The Proposed Toxic Substances Control Act: Control of Unregulated Chemical Substances

November 1973
Citation:
3
ELR 10168
Issue
11

In recent years, technology has contributed significantly to the fight against pollution. The new mechanisms presently being utilized to mitigate the harmful effects of noxious emissions and to improve the quality of waste effluents are exemplary of technological gains in the environmental field. There is, however, in contrast to this progress, an increasing concern that the product of other purported technological advances actually poses a serious threat to human health and the environment. Particularly alarming are recent findings that indicate that among the 300 to 500 chemicals introduced into commercial use each year are some that are dangerous to man. For example, polychlorinated biphenyls (PCBs) have been detected in dangerous levels in poultry; cadmium and mercury, in addition to constituting a source of environmental contamination, pose a serious health hazard; and the chloroethers are believed to be a significant source of water pollution and drinking water contamination.

These findings, and the apparent certainty that other chemicals with as yet undetected detrimental properties are in widespread use, illustrate the need for new means of regulating both new chemicals and those already on the market.
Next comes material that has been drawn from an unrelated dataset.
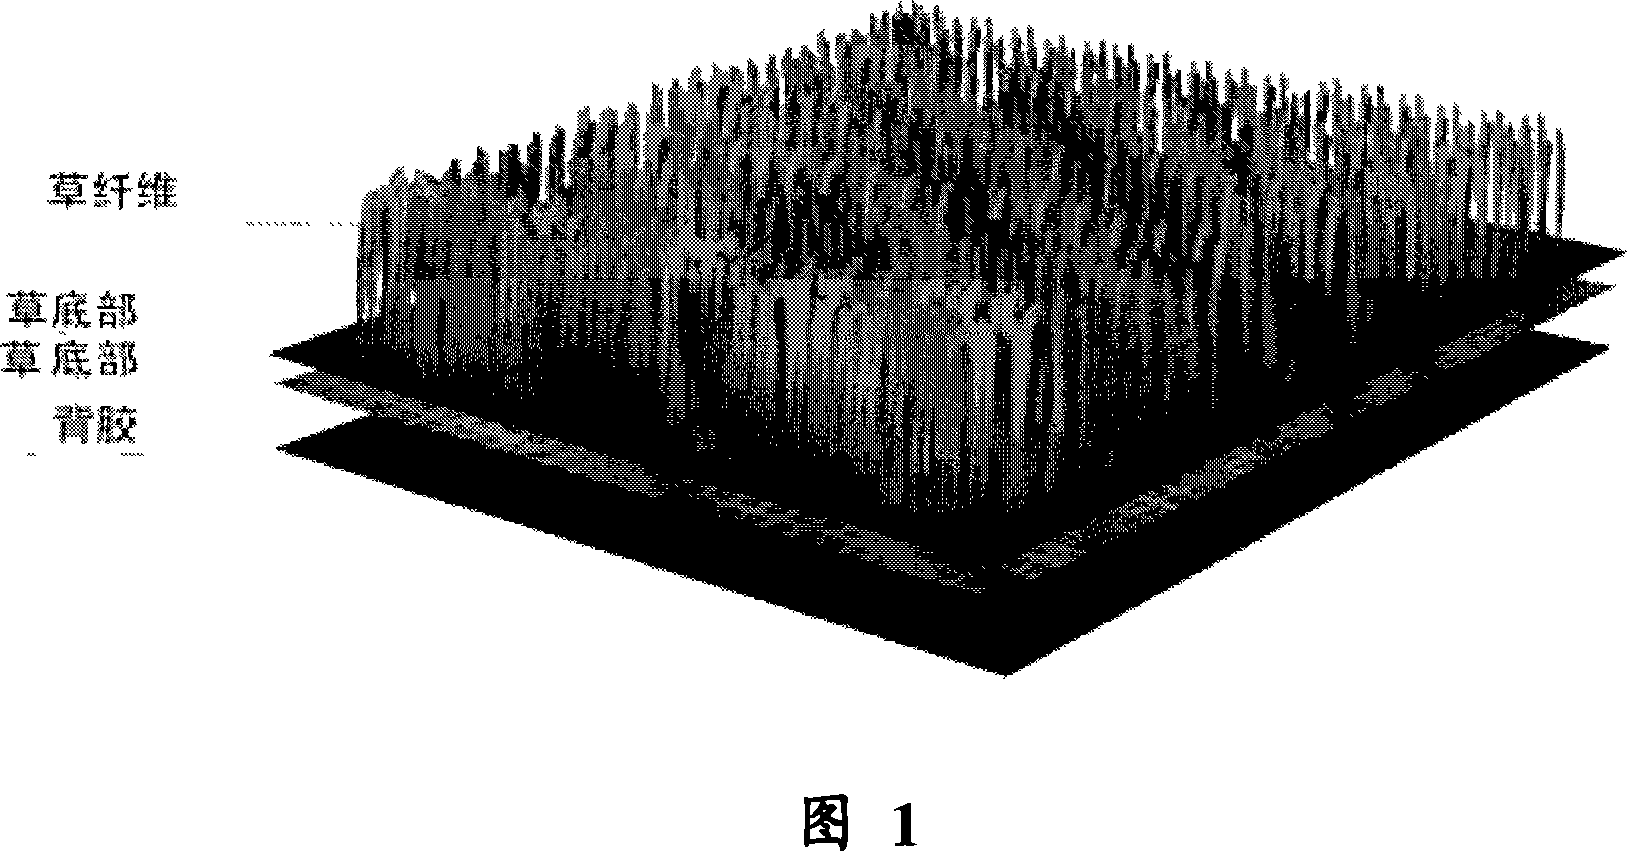 Novel synthetic turf and method for producing the same

Unfortunately, however, the environmenal legislation presently available, such as the Clean Air Act and the Federal Water Pollution Control Act, does not provide legal authority to prevent the manufacture and distribution of PCBs or other dangerous chemical substances. In addtion to the absence of regulatory authority, data needed to assess the impact of chemicals on human health and the environment is often not made available. This lack of technical information stems at least in part from the reluctance of many manufacturers to release information relative to the chemical substances that they produce. In some instances, the absence of data has meant that environmental health disasters have had to be experienced before toxic substances could be identified.